Глава 5
Негрудин шел в церковь не потому, что на старости лет бывший член партии поверил в бога, а потому что… а он и сам не знал, зачем туда ходит время от времени. Когда его, семнадцатилетнего парнишку, едва закончившего десятый класс, тощего от недоедания, призвали в начале сорок четвертого в армию и послали на ускоренные курсы артиллерийского училища, о боге он даже и не думал. И в поезде, увозившем его на фронт по железной дороге, вдоль которой тянулись страшные раны, оставленные на земле пронесшейся по ней войной, никто о нем не вспоминал. Да и о ком вспоминать, если никакой сверхъестественной силы не существует, а есть человек и законы природы, открытые учеными? Но впервые попав со своей батареей под бомбежку на Третьем Белорусском в районе Кёнигсберга, о боге Негрудин вспомнил, и, лежа в воронке, твердил одно и то же: «Господи-Иесусе! Господи-Иесусе!» – забыв от страха, зачем тревожит того, кого нет в природе. И чем ближе падали бомбы, тем чаще соскакивали с его языка эти два слова, при этом сам Негрудин был уверен, что в адском грохоте, вое и визге никто из его товарищей или, тем более, командиров и политруков, не расслышит его, офицера и комсомольца, отчаянных молитв. Потому что в те мгновения просить о милости было больше некого, а так вроде бы и не очень страшно, и остается какая-то надежда, что вдруг Он все-таки существует и услышит. И поскольку Негрудин остался жив и даже не был ранен, то, как ни крути, а что-то его спасло. Или кто-то. Может, и бог. Потому что ученые – это одно, комсомол и звездочки на погонах – тоже, а жить хочется сейчас. И многие потом признавались, виновато улыбаясь, что был и с ними подобный же грех. Грех не грех, а бог его знает, как это назвать, если смотреть на подобные отступления от истины с научной точки зрения и марксизма-ленинизма.
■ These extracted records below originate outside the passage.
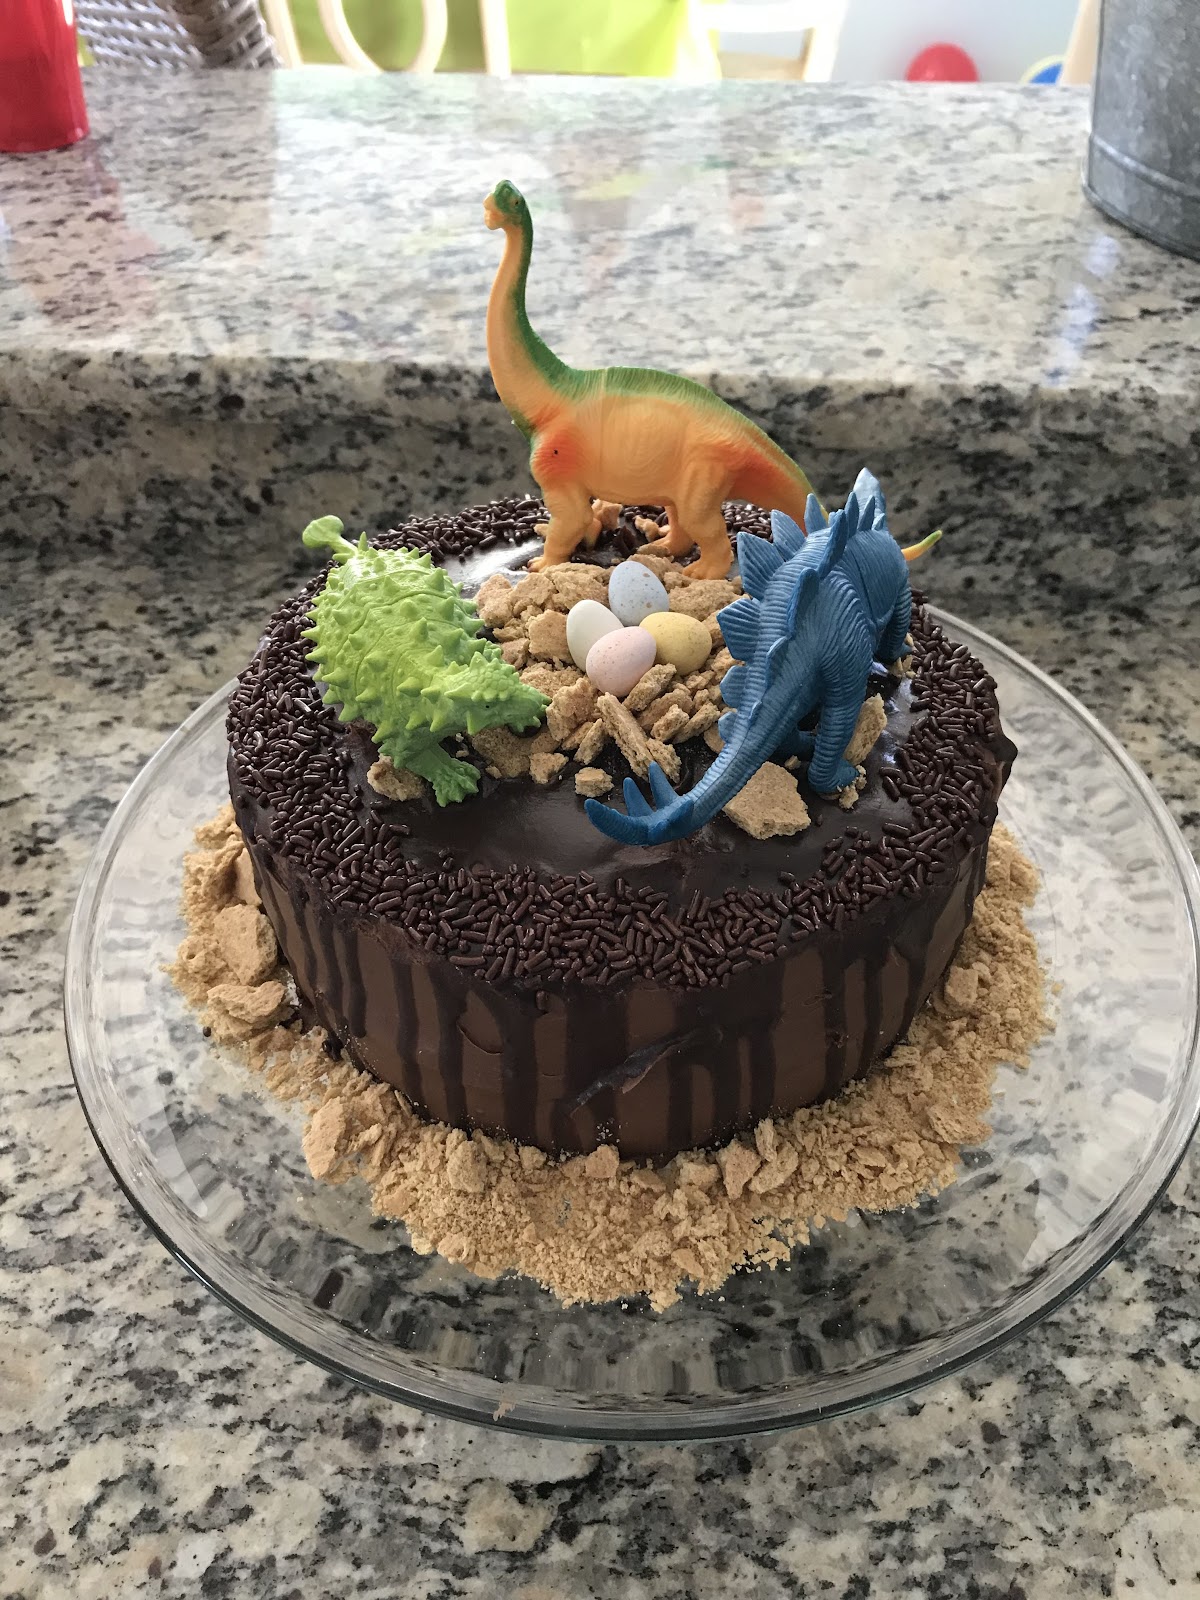 Dinosaur Birthday Cakes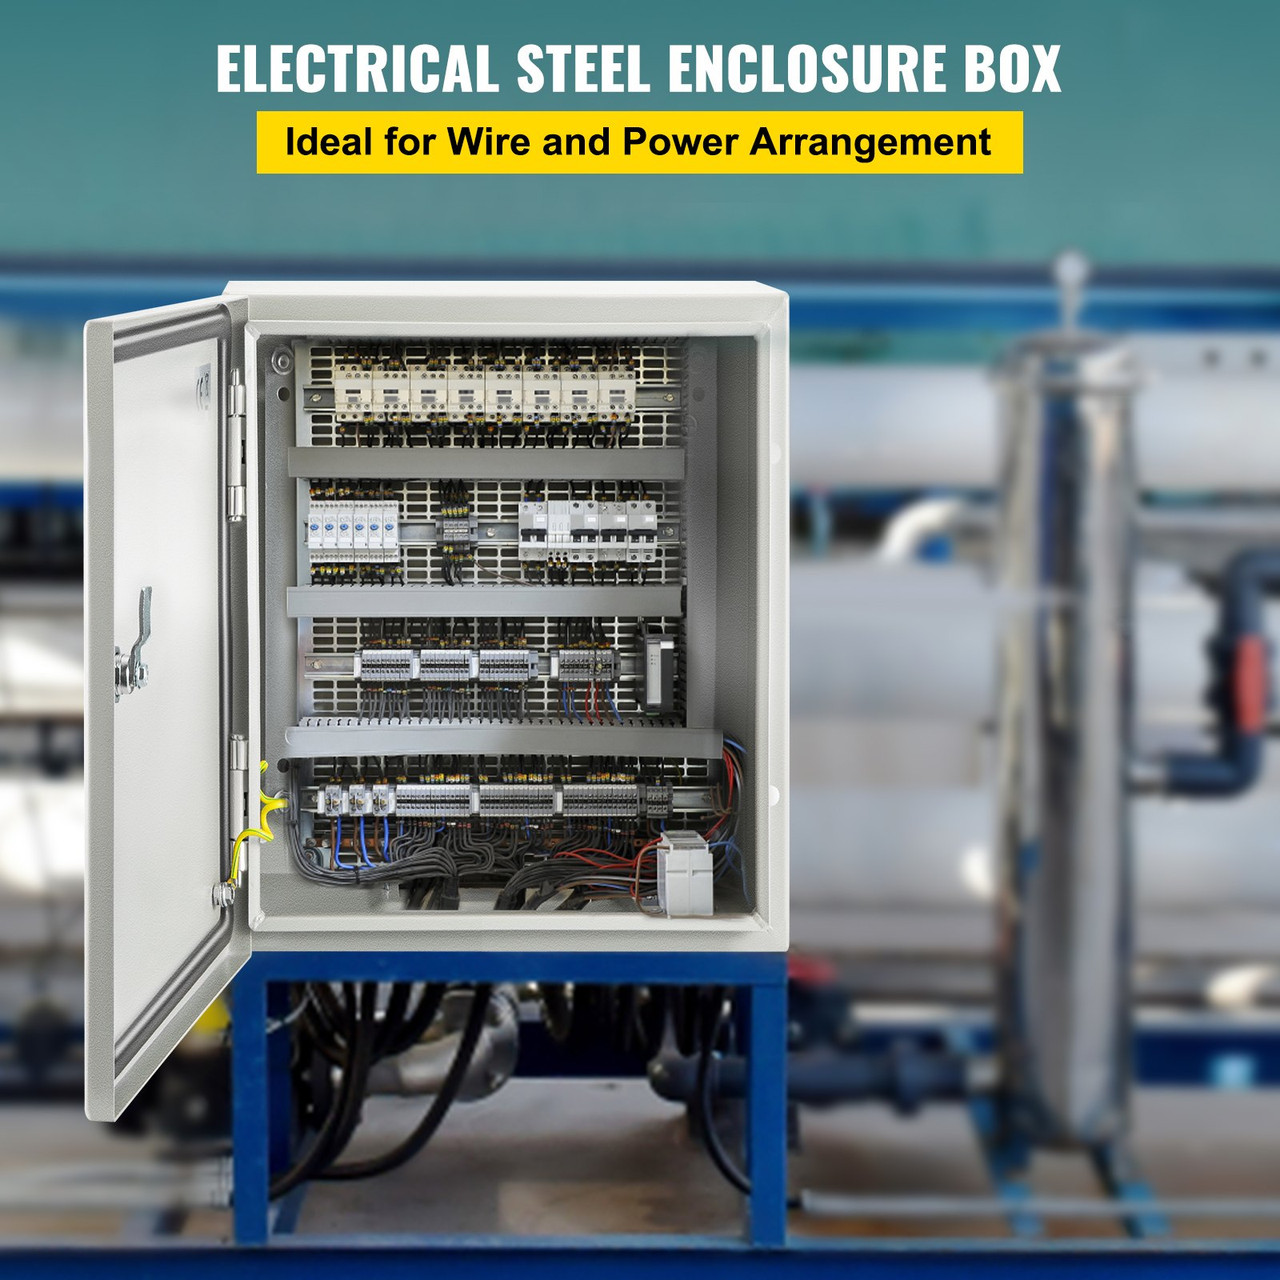 NEMA Steel Enclosure, 12 x 10 x 6'' NEMA 4X Steel Electrical Box, IP66 Waterproof & Dustproof, Outdoor/Indoor Electrical Junction Box, with Mounting Plate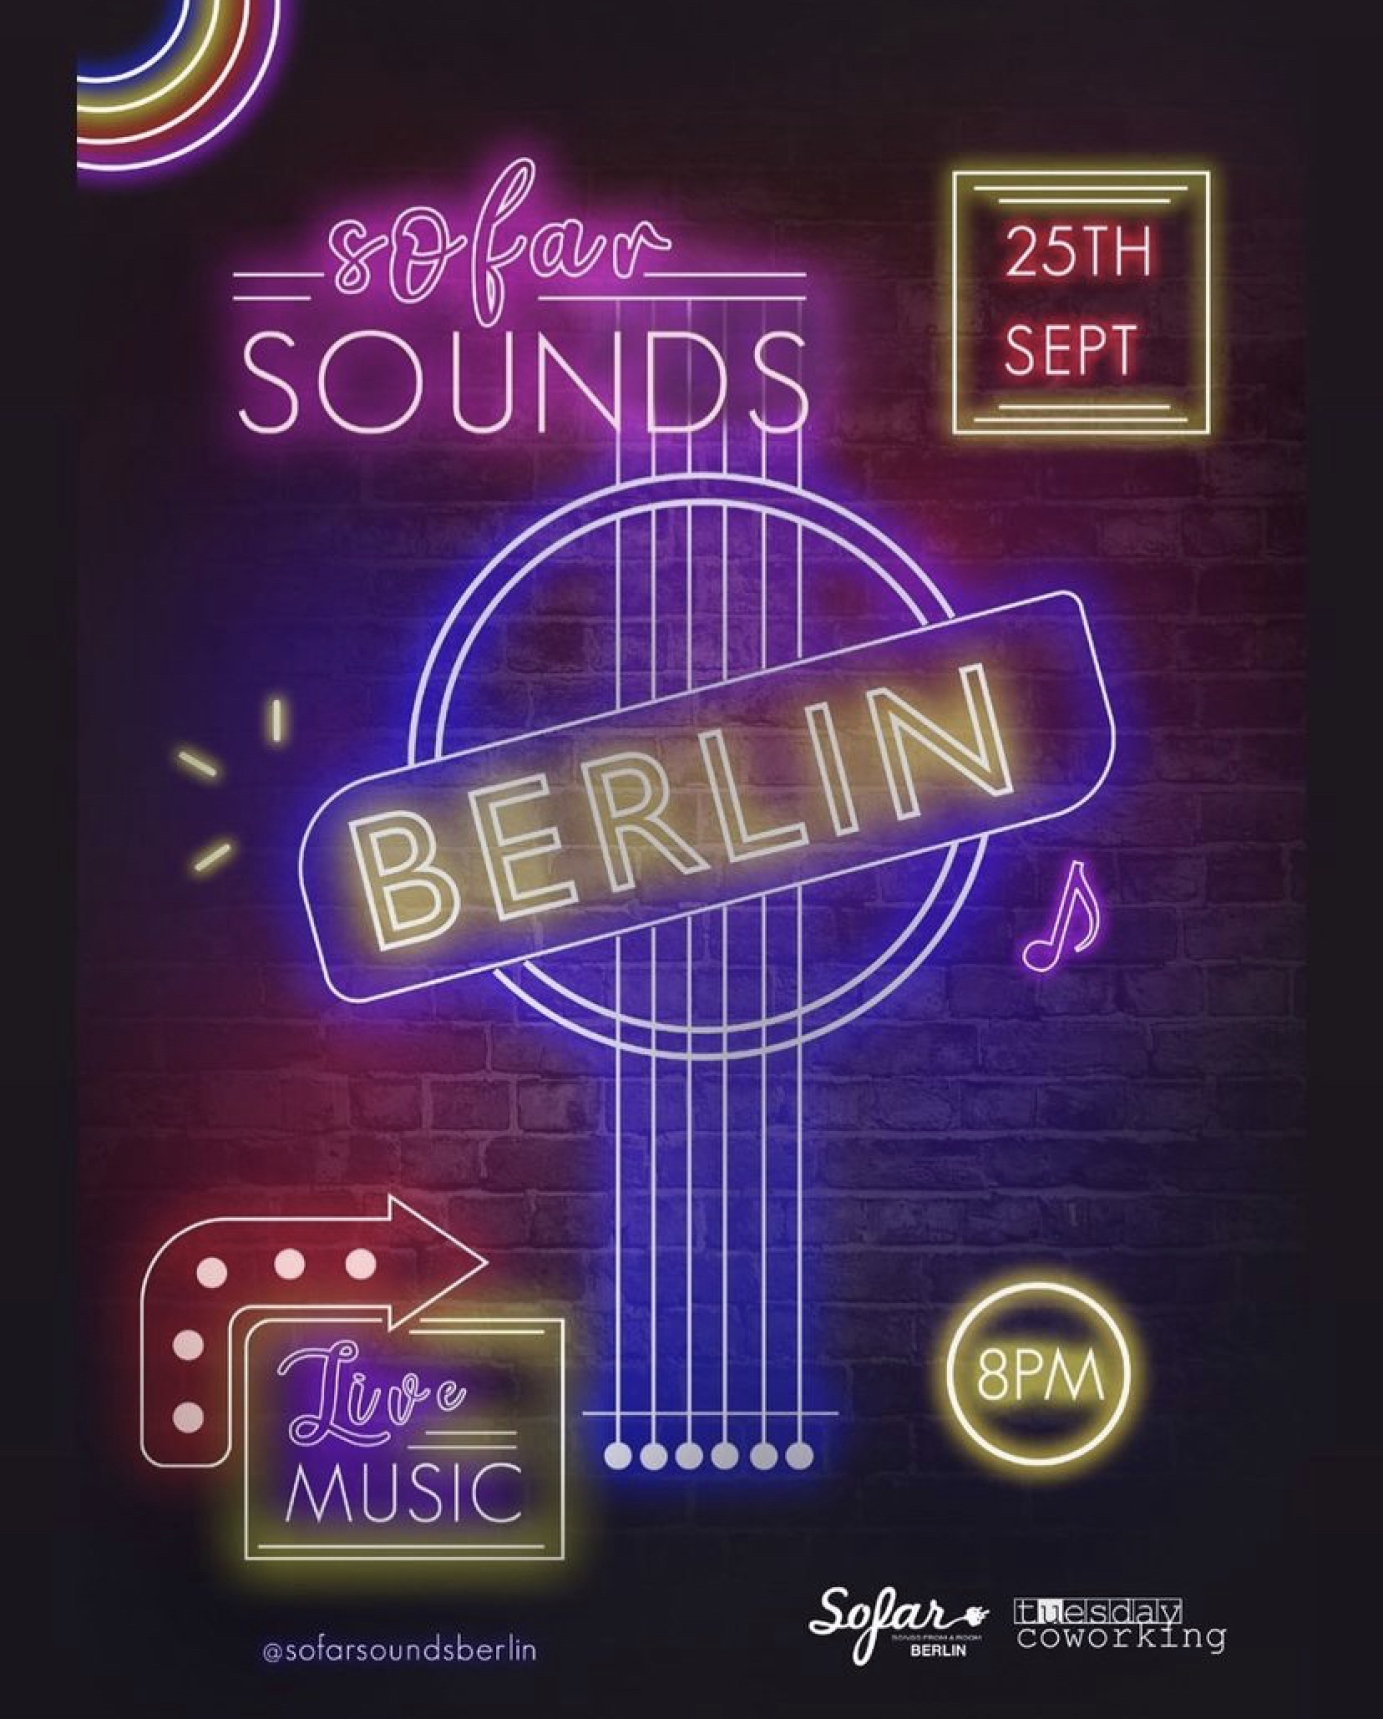 Event poster for Sofar Sounds

И вот, когда жизнь почти прожита и явно подходит к концу, что-то опять сдвинулось в душе Терентия Емельяновича, тем более что ни комсомола, ни партии, ни той страны, что он защищал мальчишкой, – ничего этого не осталось, и не к кому пойти и поделиться своими сомнениями. А в церкви… не то чтобы есть с кем поделиться, а сам будто бы раздваиваешься и делишься сам же с собой, пытаясь пристегнуть еще что-то, тебе не понятное, а потому и притягательное. Умирать, как ни крути, скоро, а хочется, чтобы умереть не с пустотой в душе, образовавшейся в последние годы, а с каким-то наполнением.
Перед папертью Негрудин вытер о траву свои потрепанные босоножки, преодолел несколько ступенек и, как всегда, обратил внимание на бронзовую доску, на которой рельефно выступали буквы и слова, сообщавшие всем желающим: «Сей храм Божий воздвигнут радением и любовью к ближнему раба Божия Осевкина Семена Ивановича, преисполненного истинной веры во всемогущество Господа нашего, Иисуса Христа, и освещен митрополитом Илларионом в 2008 году от рождества Христова». Не обратить внимания на эту доску не было никакой возможности, потому что прикреплена она сбоку от входа, всегда начищена до блеска, так и притягивает взгляд любого, кто приближается к двери. И всякий раз Терентию Емельяновичу хочется сделать что-нибудь такое… плюнуть на эту доску или еще что, но он воздерживается, торопливо крестится на лепную и раскрашенную икону над дверью, изображающую лик Христа-Спасителя. При этом не может отделаться от ощущения, что крестится не на икону, а на сияющую бронзовую доску с фамилией человека, ненавидимого всем Угорском, и оттого с тяжелым сердцем переступает порог храма.
Купив свечку у стоящей при входе старушки и отметив с досадой, что свечки подорожали на целый рубль, Негрудин зажигает ее от других свечей и проходит поближе к алтарю, вокруг которого в ожидании начала службы уже плотно сгрудились кофты и косынки.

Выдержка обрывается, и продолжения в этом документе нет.